8. Here are the 10 best offensive performances of 2012 based on Adj. Score:

  1. Wisconsin vs. Nebraska (12/1): 72.3 Adj. Points (70 'real' points)
  2. Georgia Tech vs. Virginia (9/15): 61.3 (56)
  3. Oregon vs. USC (11/3): 58.5 (62)
  4. Georgia vs. Florida Atlantic (9/15): 58.3 (56)
  5. Ball State vs. Ohio (11/14): 58.3 (52)
  6. Baylor vs. SMU (9/2): 56.5 (59)
  7. West Virginia vs. Oklahoma (11/17): 56.5 (49)
  8. Oregon State vs. BYU (10/13): 56.3 (42)
  9. Texas vs. Ole Miss (9/15): 56.1 (66)
  10. Georgia vs. Vanderbilt (9/22): 55.4 (48)

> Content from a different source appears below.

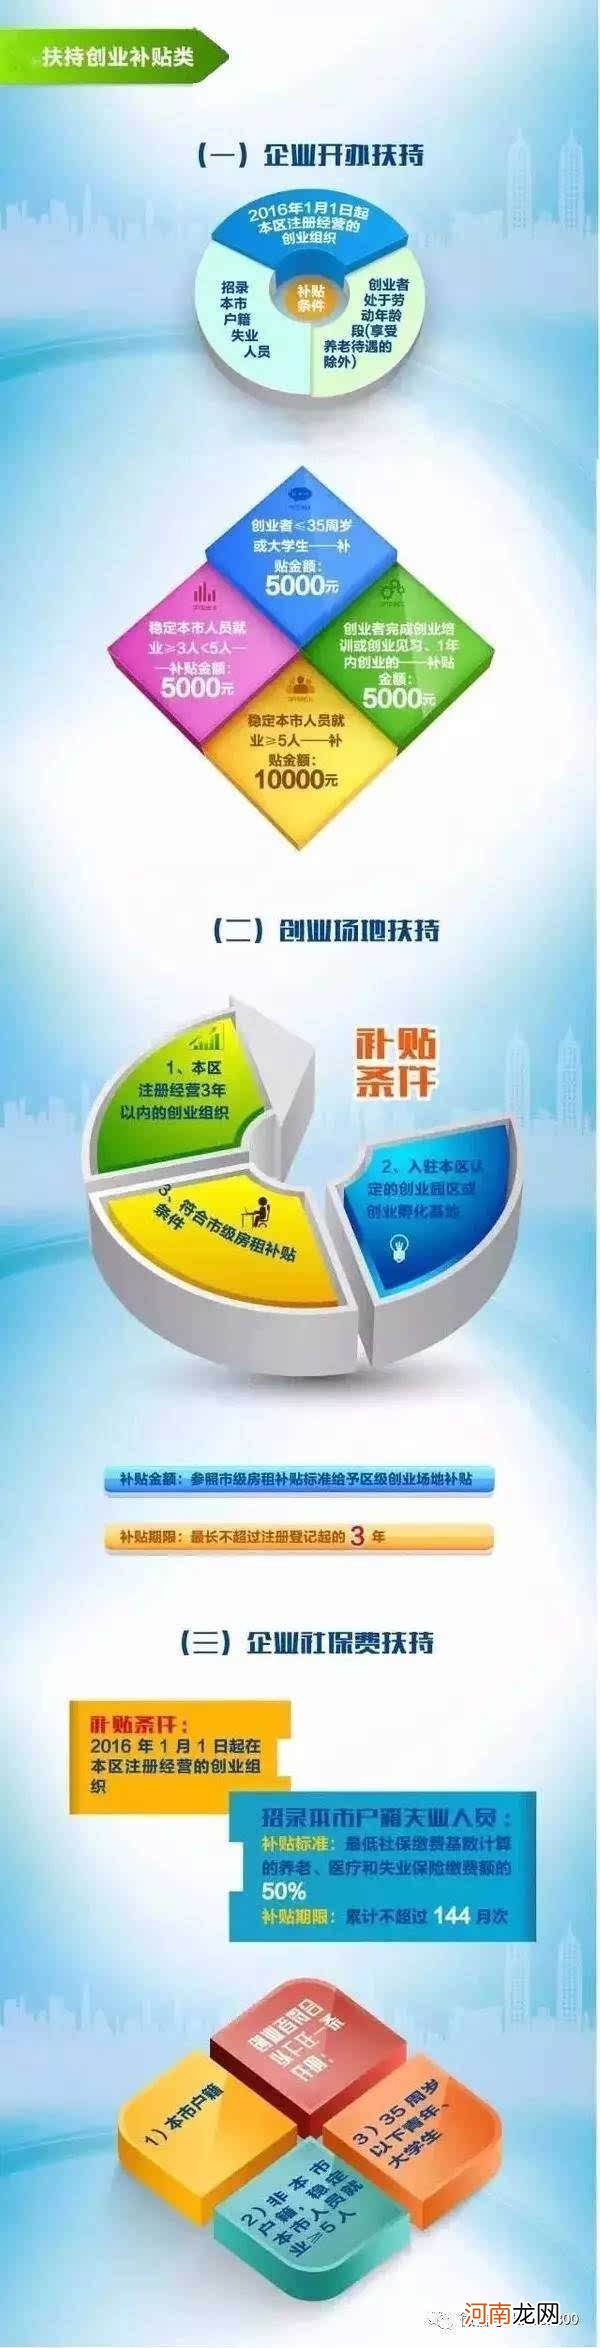 上海黄浦区创业扶持贷款 上海黄浦区创业扶持贷款申请

9. Here are the 10 worst offensive performances of 2012 based on Adj. Score:

  1. UMass vs. UConn (8/30): -4.7 Adj. Points (0 'real' points)
  2. Colorado vs. Stanford (11/3): -1.3 (0)
  3. UMass vs. Bowling Green (10/20): -1.2 (0)
  4. Tulane vs. UL-Monroe (9/29): 1.6 (10)
  5. Minnesota vs. Michigan State (11/24): 3.3 (10)
  6. Rutgers vs. Virginia Tech (12/28): 3.5 (10)
  7. Hawaii vs. Air Force (11/16): 4.4 (7)
  8. Tulane vs. Ole Miss (9/22): 4.7 (0)
  9. South Florida vs. Pittsburgh (12/1): 5.2 (3)
  10. Memphis vs. Duke (9/22): 5.5 (14)

(The negative scores are strangely satisfying.)

10. Here are the 10 best defensive performances of 2012 based on Adj. Score:

  1. UConn vs. UMass (8/30): -3.4 Adj. Points (0 'real' points)
  2. Stanford vs. Colorado (11/3): -1.1 (0)
  3. Michigan State vs. Minnesota (11/24): -0.3 (10)
  4. Bowling Green vs. UMass (10/20): 1.3 (0)
  5. Virginia Tech vs. Rutgers (12/28): 2.5 (10)
  6. Alabama vs. Missouri (10/13): 2.8 (10)
  7. Florida State vs. Wake Forest (9/15): 3.4 (0)
  8. SMU vs. TCU (9/29): 4.0 (24)
  9. Alabama vs. Arkansas (9/15): 4.1 (0)
  10. Pitt vs. South Florida (12/1): 4.1 (3)

11. Here are the 10 worst defensive performances of 2012 based on Adj. Score:

  1. Army vs. Wake Forest (9/22): 64.9 Adj. Points (49 'real' points)
  2. New Mexico vs. UNLV (11/3): 63.4 (35)
  3. Army vs. Temple (11/17): 62.6 (63)
  4. Nebraska vs. Wisconsin (12/1): 60.1 (70)
  5. UAB vs. Tulane (10/27): 59.2 (55)
  6. Miami (Ohio) vs. Akron (9/29): 58.0 (49)
  7. Colorado vs. Arizona (11/10): 57.2 (56)
  8. Kent State vs. Kentucky (9/8): 54.8 (47)
  9. Toledo vs. Eastern Michigan (10/13): 54.5 (47)
  10. UTEP vs. Southern Miss (11/17): 53.9 (33)

I really enjoy using this measure, as I think it can play a pretty specific role in both identifying a team's high and low points and figuring out which teams were consistent or highly variant from week to week. It is imperfect but useful, and I wanted to try to bridge the gap between people reacting to the measure (since it's right there near the top of a given team's preview) and the people understanding it. My bad. Hopefully this helps.